§ Dataset extract:
- - - - -

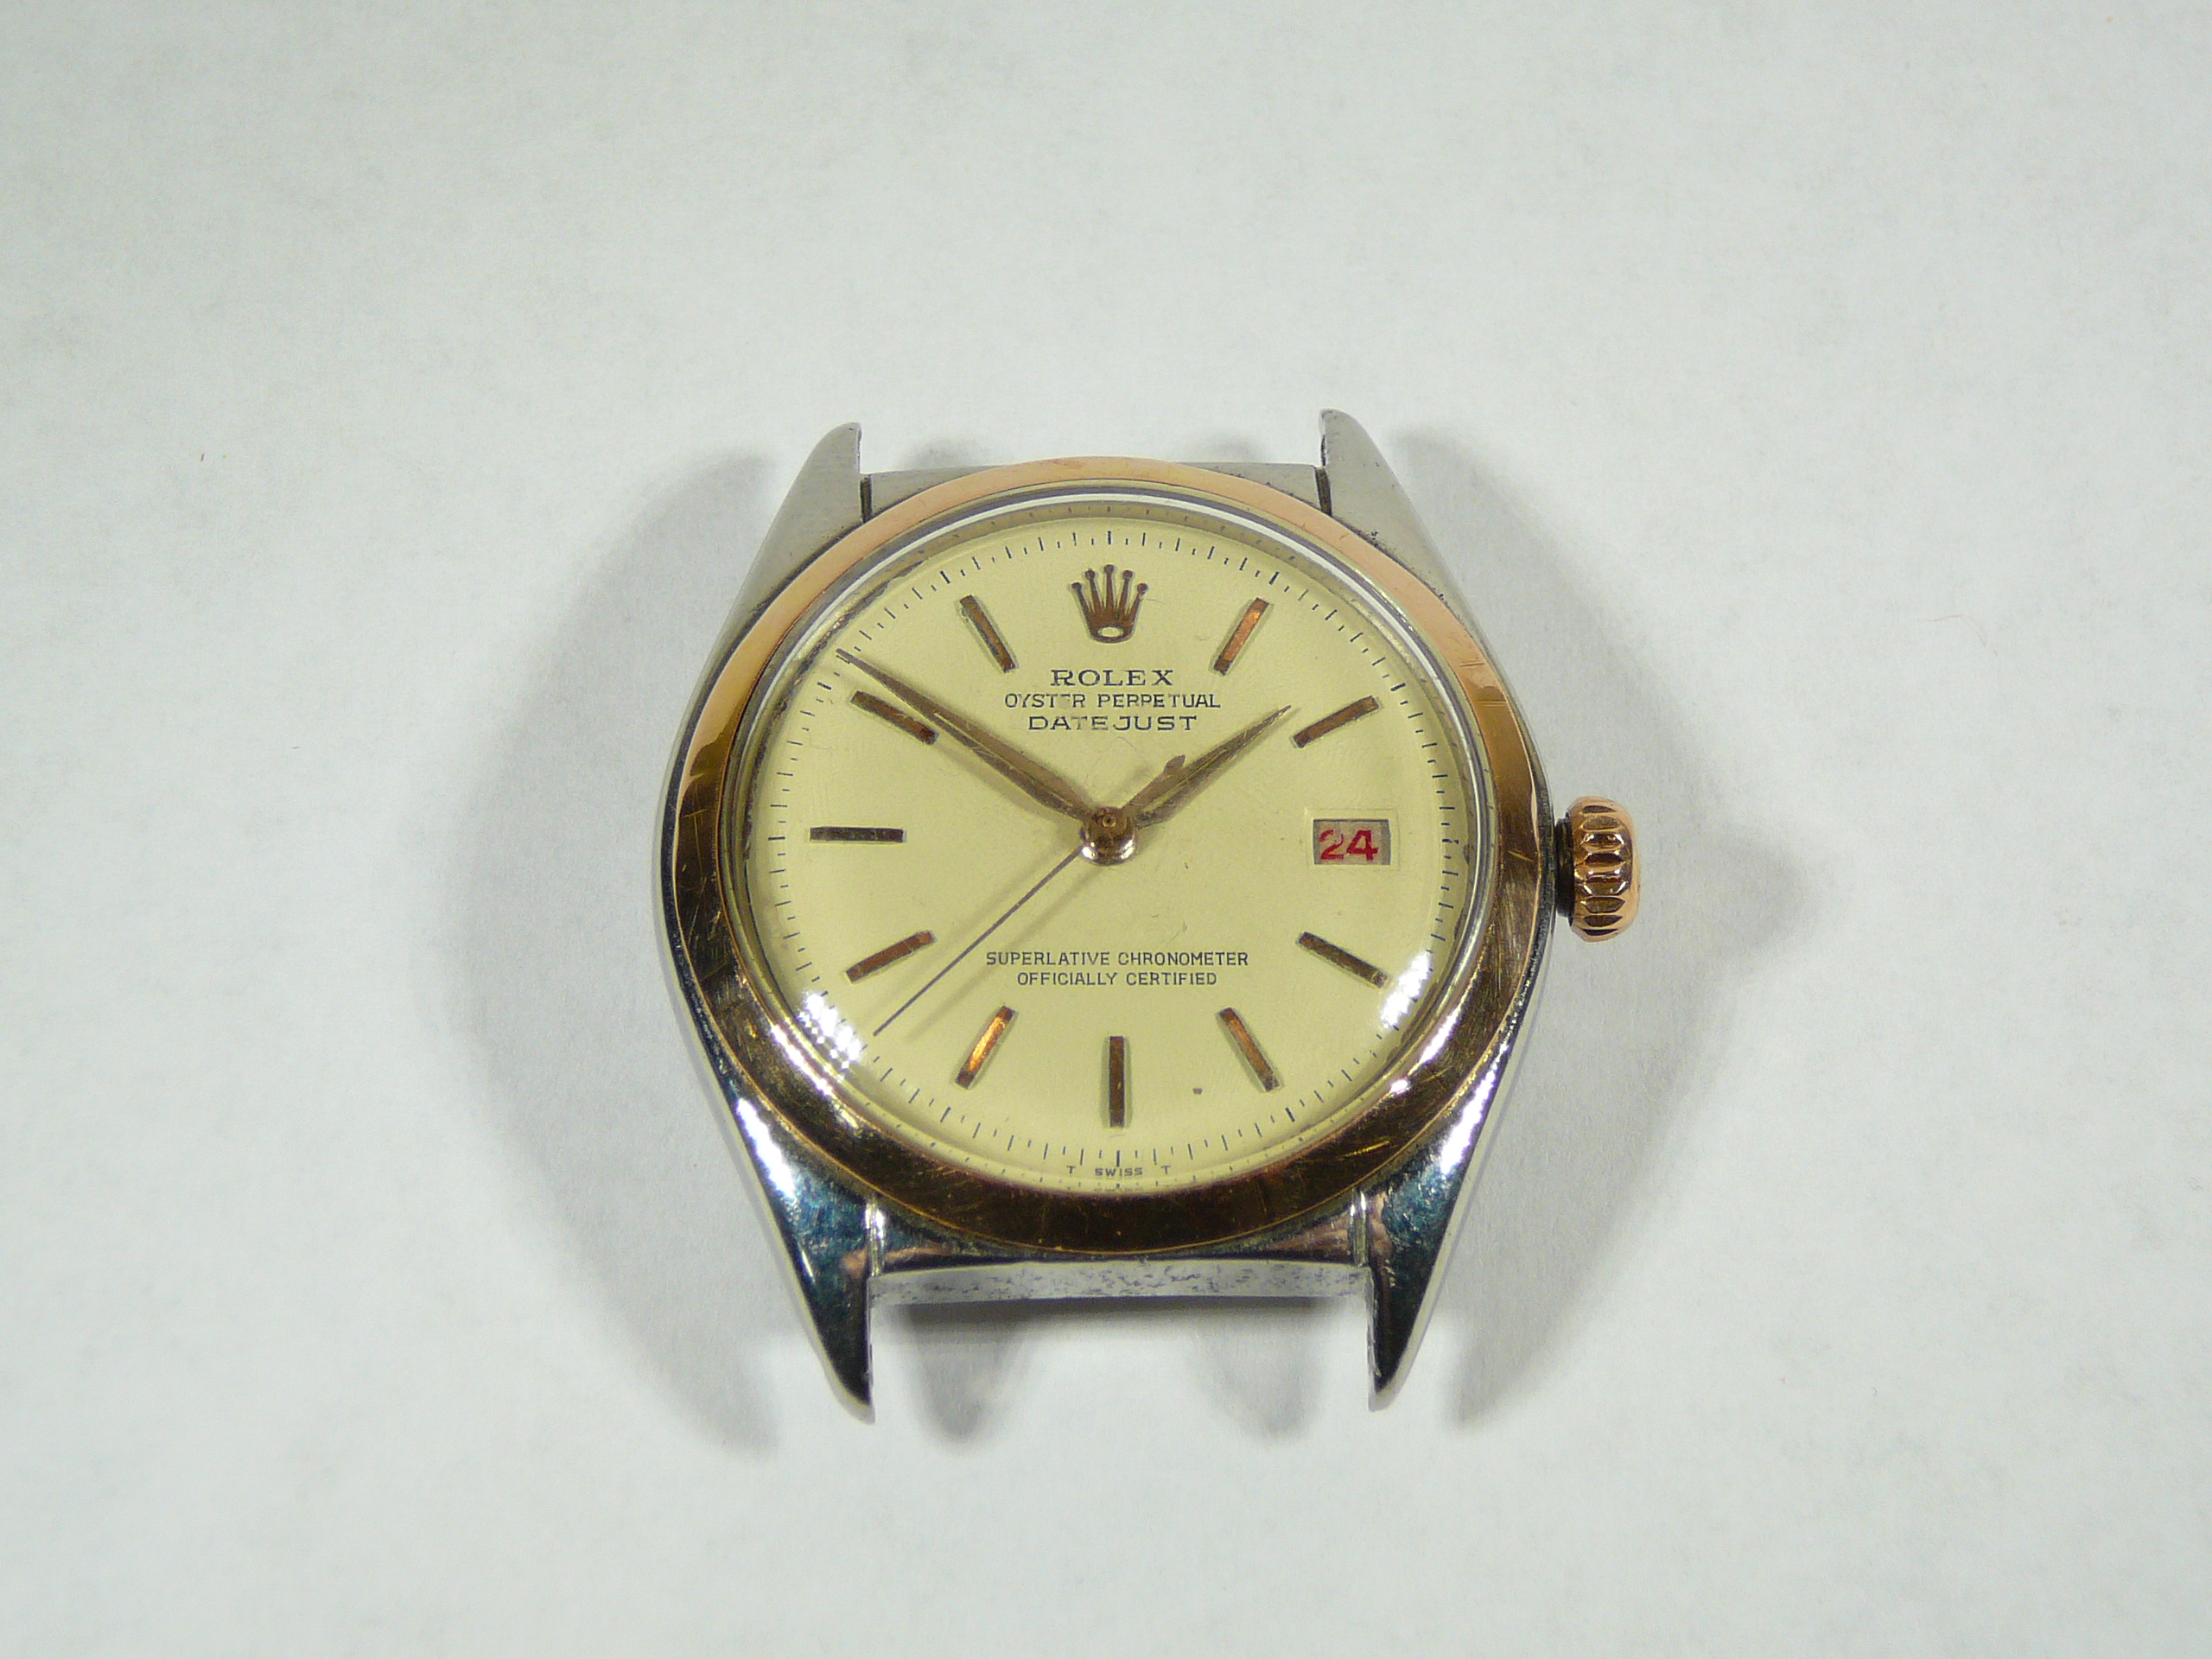 Gents Vintage Rolex Wrist Watch - Image 2 of 4
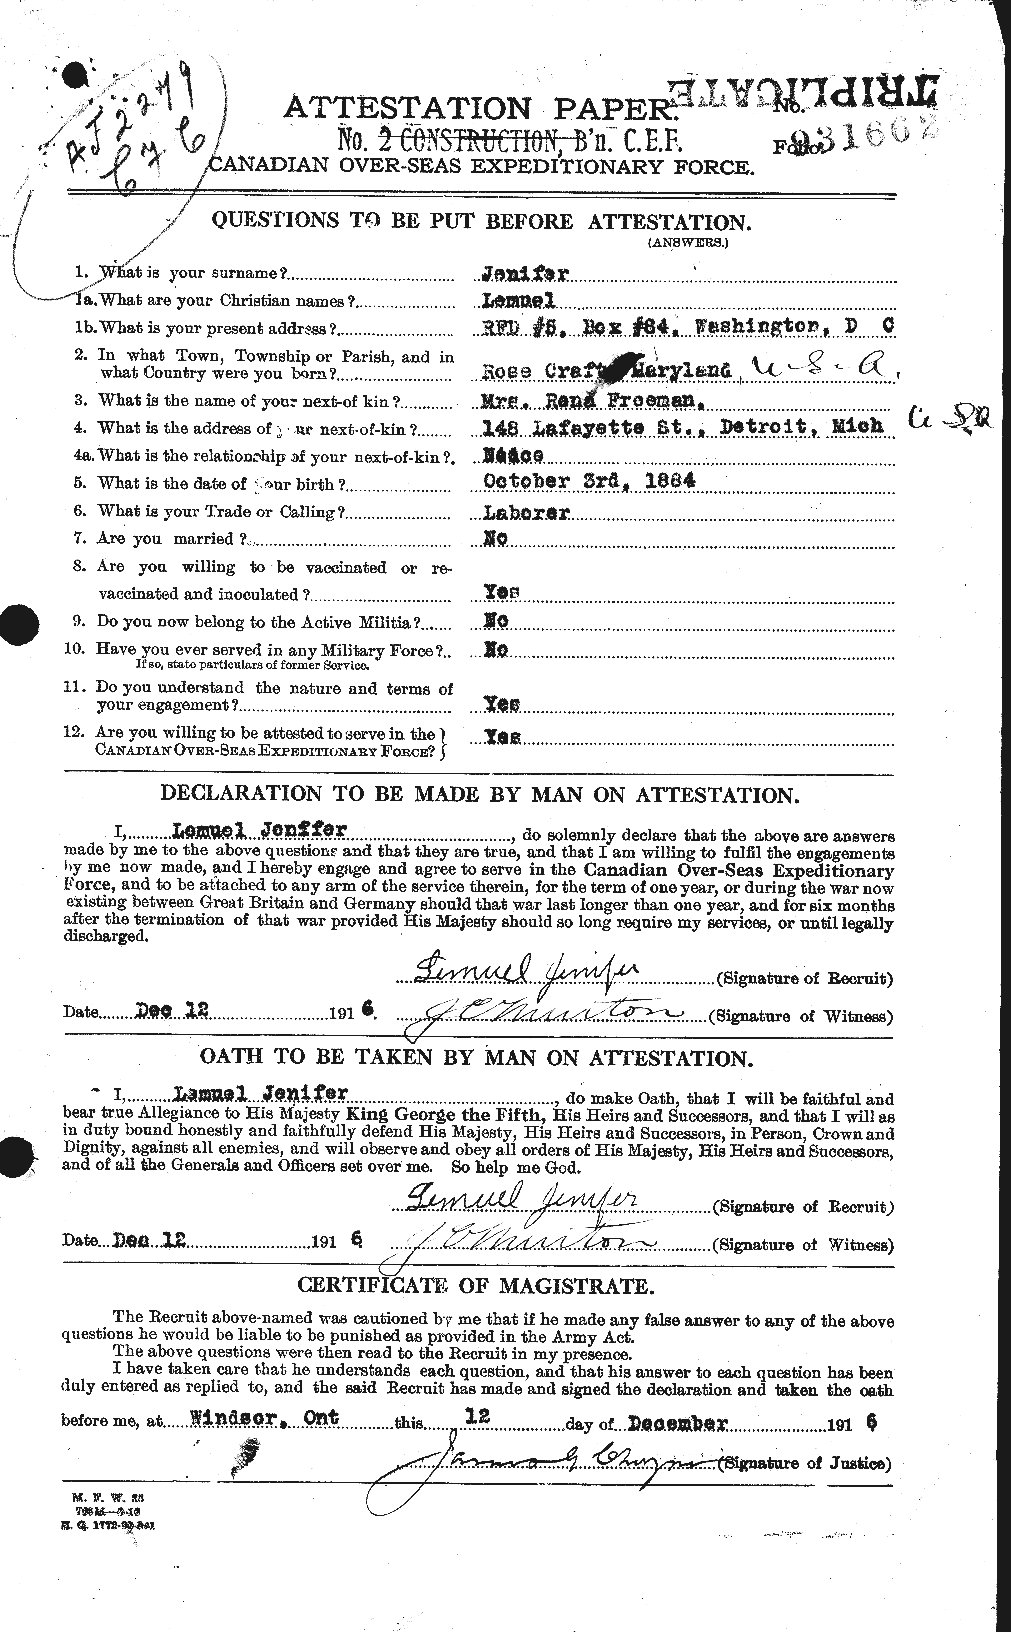 Dossiers du Personnel de la Première Guerre mondiale - CEC 416529a
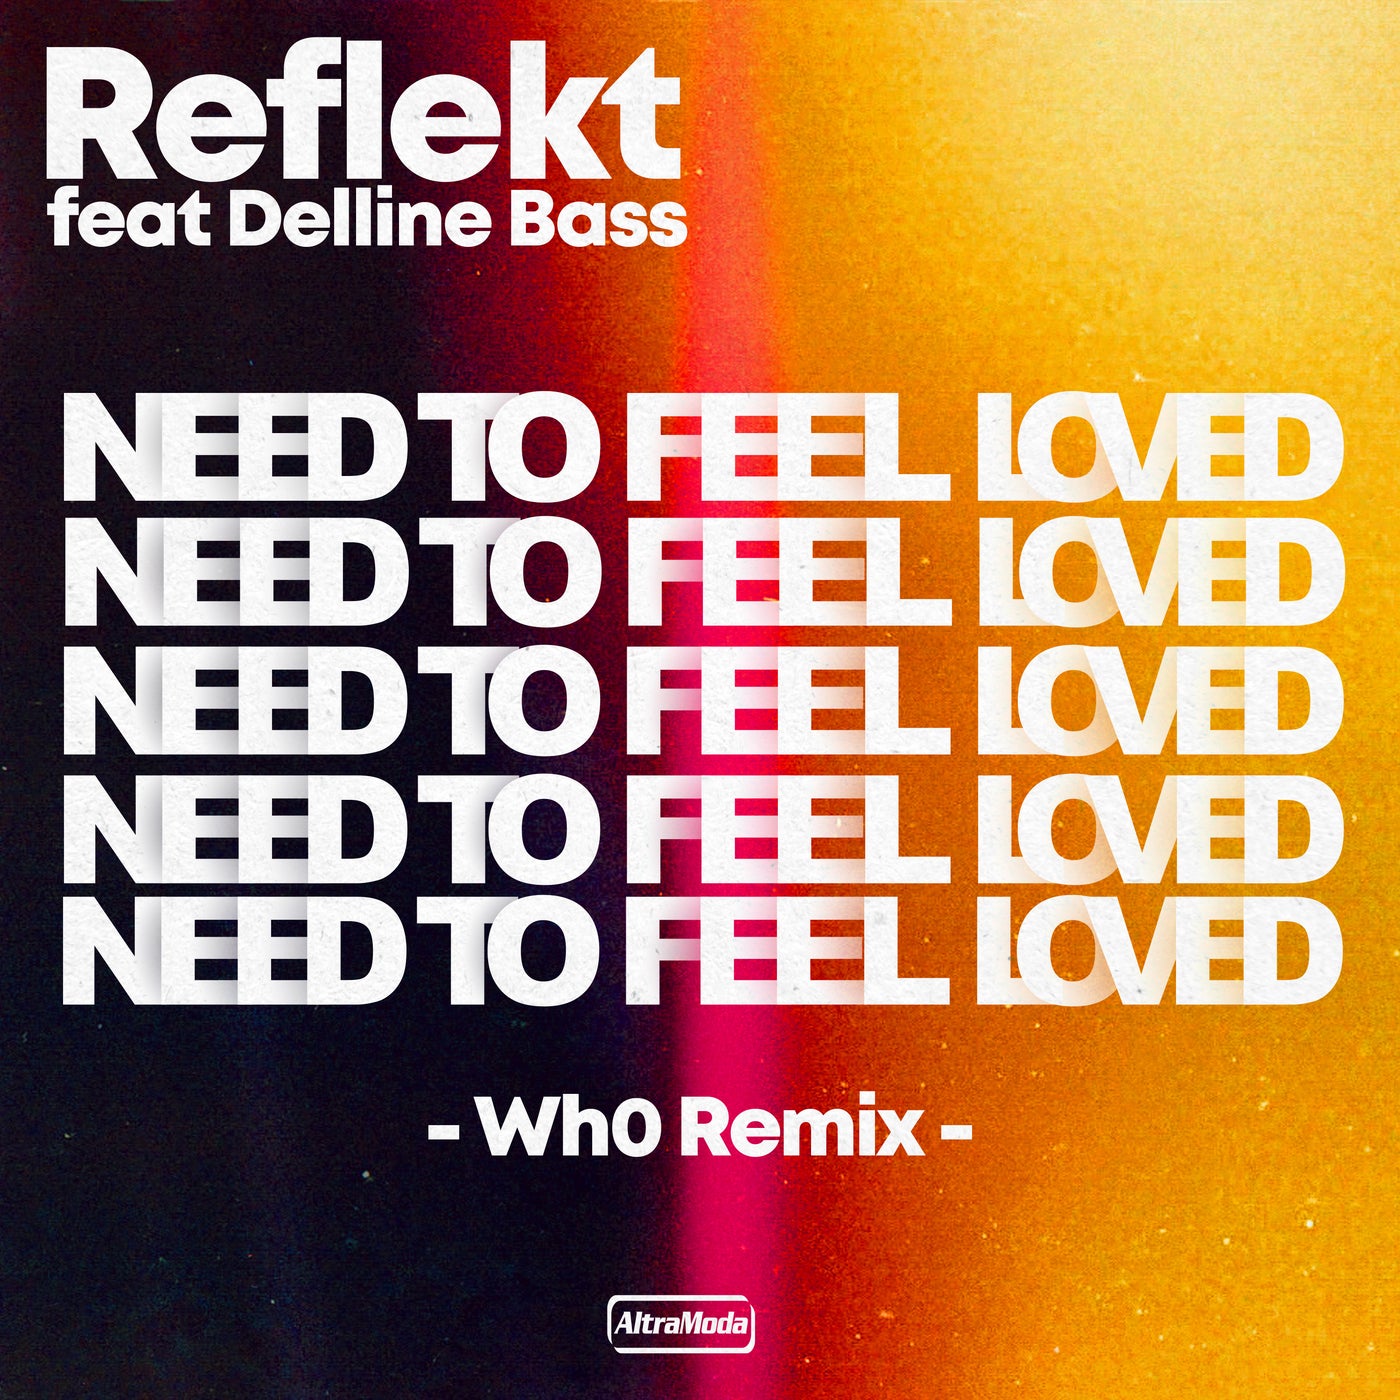 Need to feel loved feat delline. Reflekt featuring Delline Bass - need to feel Love. Reflekt ft. Delline Bass. Reflekt need to feel Loved. Reflekt_featuring.
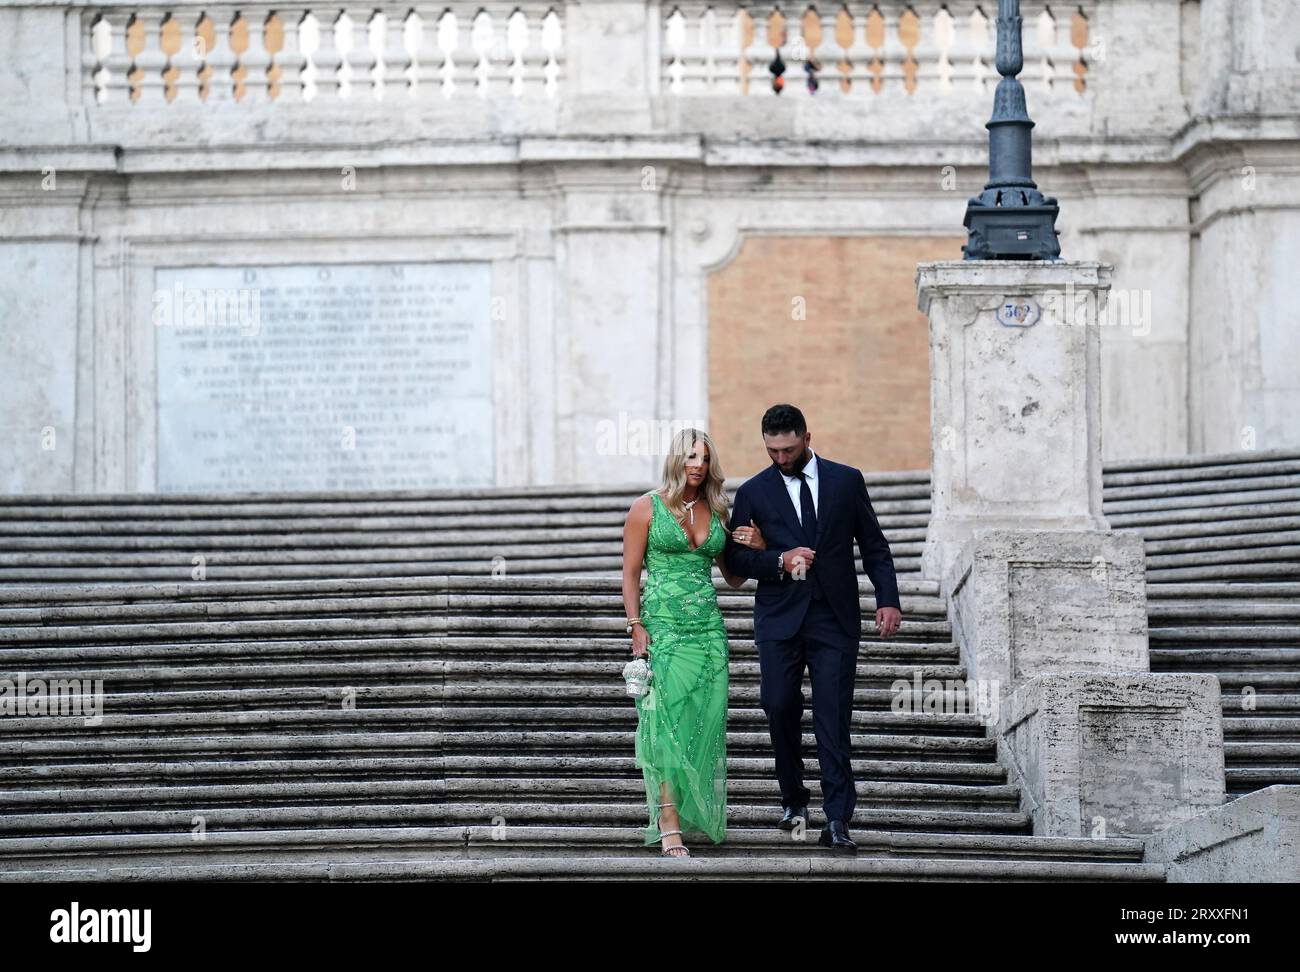 Il team europeo Jon Rahm (a destra) e il partner Kelley Cahill alla scalinata di Piazza di Spagna di Roma, in vista della Ryder Cup 2023. Data foto: Mercoledì 27 settembre 2023. Foto Stock

- - - - -

Starting with the line that contains "Need to feel loved feat", copy every line word for word through the end of the listing above, but leave out the pictures.

§ Expected output:
 Need to feel loved feat delline. Reflekt featuring Delline Bass - need to feel Love. Reflekt ft. Delline Bass. Reflekt need to feel Loved. Reflekt_featuring.
 Il team europeo Jon Rahm (a destra) e il partner Kelley Cahill alla scalinata di Piazza di Spagna di Roma, in vista della Ryder Cup 2023. Data foto: Mercoledì 27 settembre 2023. Foto Stock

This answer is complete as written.